In honor of my newest re-realization, I've changed the title of my blog.
I was going to tattoo this phrase on my wrist but I decided I would try it out here first.
As a sufferer of demand resistance, the idea "I don't have to" is the most freeing concept I've found. Statements like "just be yourself" and "enjoy the moment" or any of those happiness concepts that are phrased positively just feel like commands to me, and that makes me feel trapped, and feeling trapped makes me howl in misery and have mini freak-outs. "I don't have to," however, makes me remember that I'm doing what I'm doing because I want to, and makes me feel like I still have a choice.
How this came about: last week was the week before Valentine's Day. My relationship right now is just one of those complicated whatsits that make people hate Valentine's Day. So I was confused.
Normally I love Valentine's Day. Normally I get all my friends presents and make it all about how much I love everybody in my life. But I was not in a giving mood. And I was all, wtf do I do about Valentine's Day? Do I explain to this person that it's important to me? Or just let it go? Can I let it go and then not be mad about it? Maybe I should just get him a present. But no! Why would I get him a present, when secretly I want him to just say Happy Valentine's Day and, like, send me a heart emoticon? And yada yada idiocy.
So I walked into work on Friday and poured myself a cup of tea with all this on my mind and my co-worker, the Godsend MB who is like my own personal life coach and God I hope I'm like her when I'm forty, walks in and goes, "How are y--? Whoa. What's wrong?"

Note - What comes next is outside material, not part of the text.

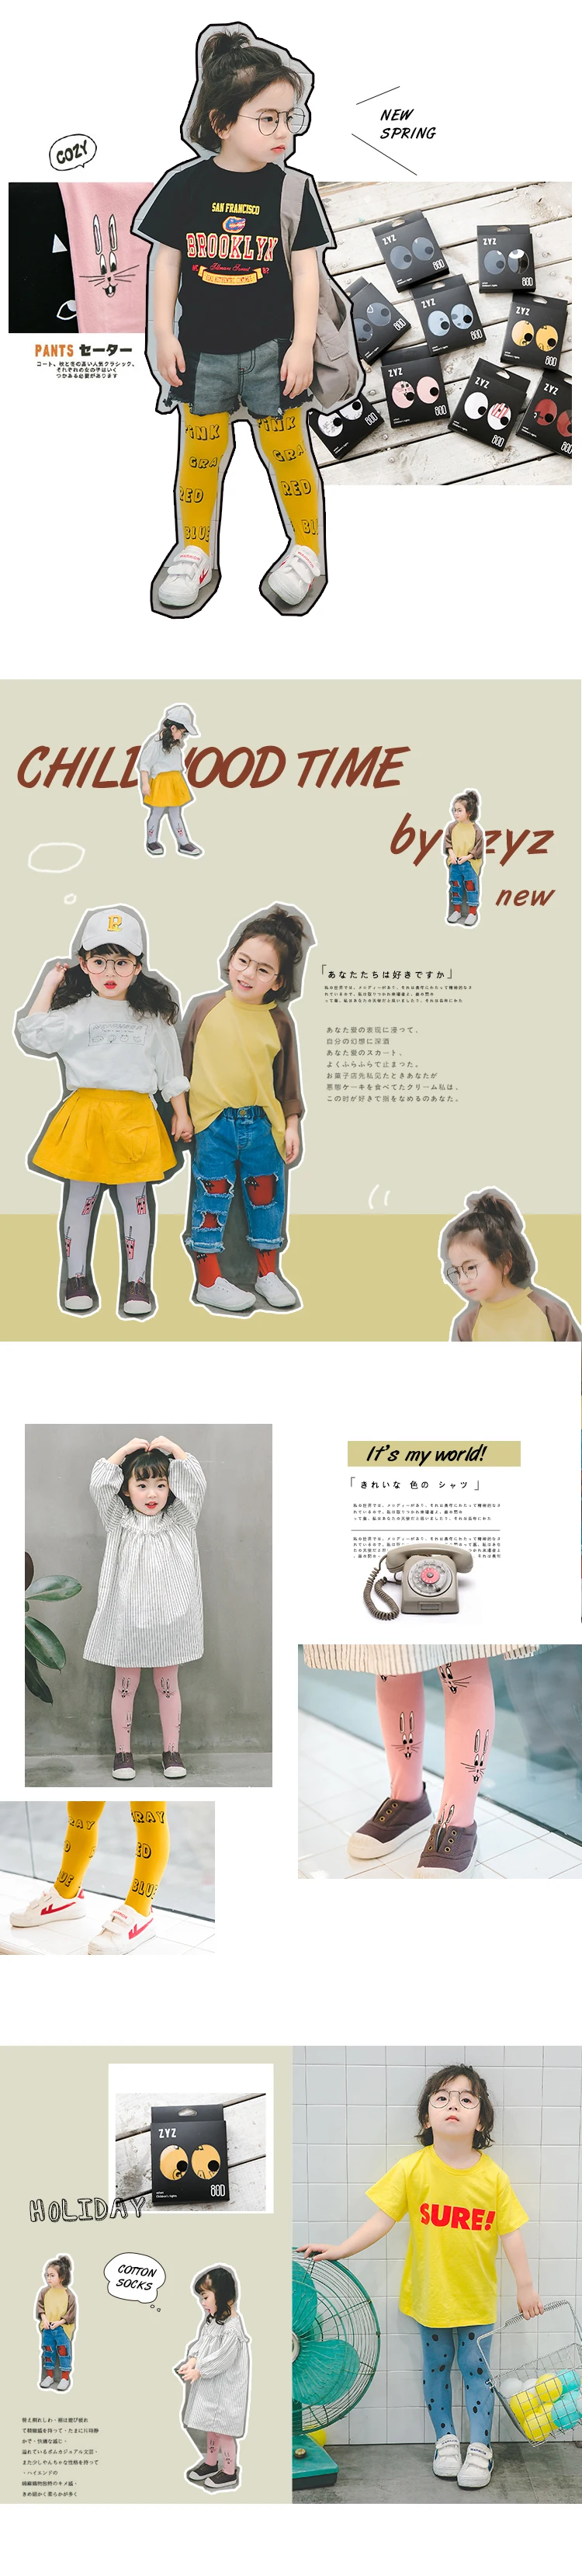 Колготки для малышей детские танцевальные колготки для девочек от 2 до 6 лет, Детские Балетные колготки с принтом 80D, Z037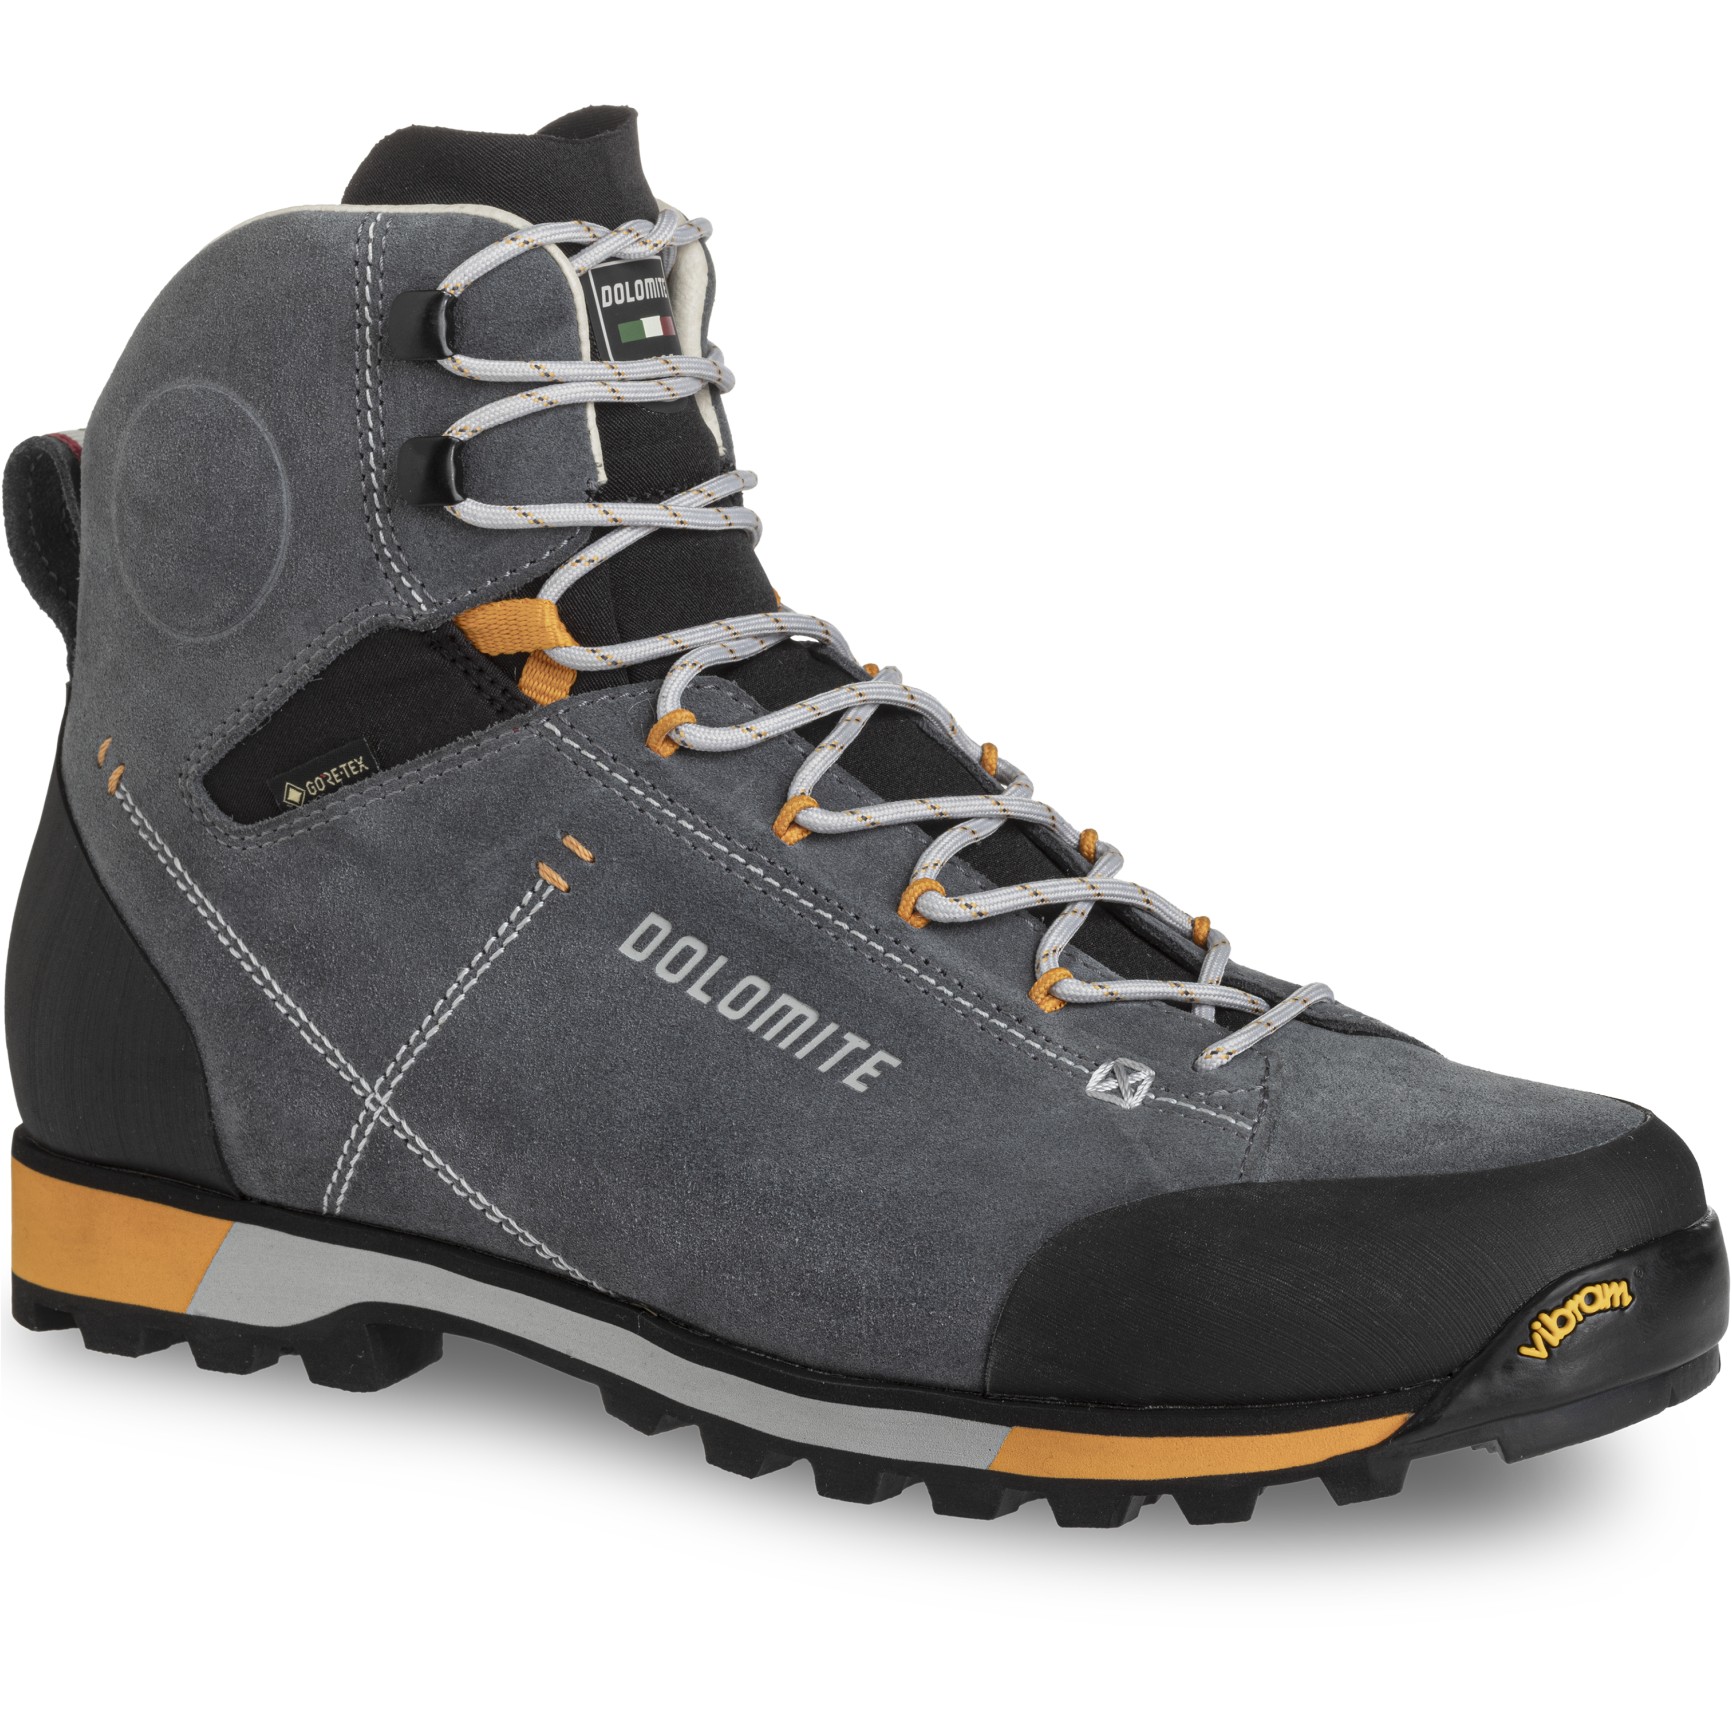 Productfoto van Dolomite 54 Hike Evo GTX Wandelschoenen Heren - gunmetal grey

"Monday is Valentine's Day," I snarled, and viciously stirred my tea.
MB sighed. "That's why I hate Valentine's Day. Because of people in your situation."
So I went on to tell her all about the stuff I already told you in the last blog stanza, and then she goes, "Well, you know, you don't have to celebrate it. February 14th doesn't have to be a convenient day for you to express these things."
And it was like f*cking angels were singing at me. Right! I didn't have to. It was not convenient for me.
And I tra-la-laed through the rest of the weekend and right on through Valentine's Day, and the word Valentine never even came out of my mouth, and I legit did not have any expectations, and it was just February the 14th which happened to be a day when it wasn't convenient for me to have an overpriced dinner or exchange delightful pre-packaged sentiments with my loved one, because he is in another state and lately we are both making each other snarl due to the fact that the telephone is a poor excuse for human interaction.
Because there are other, more convenient days, such as December 17 of last year, which was quite a nice one for us, and also February 26th will probably be more fun, and I don't have to have my romances when other people, and especially stupid corporations, suggest that I do. Because guess what? We did not celebrate Valentine's Day, and we are fine.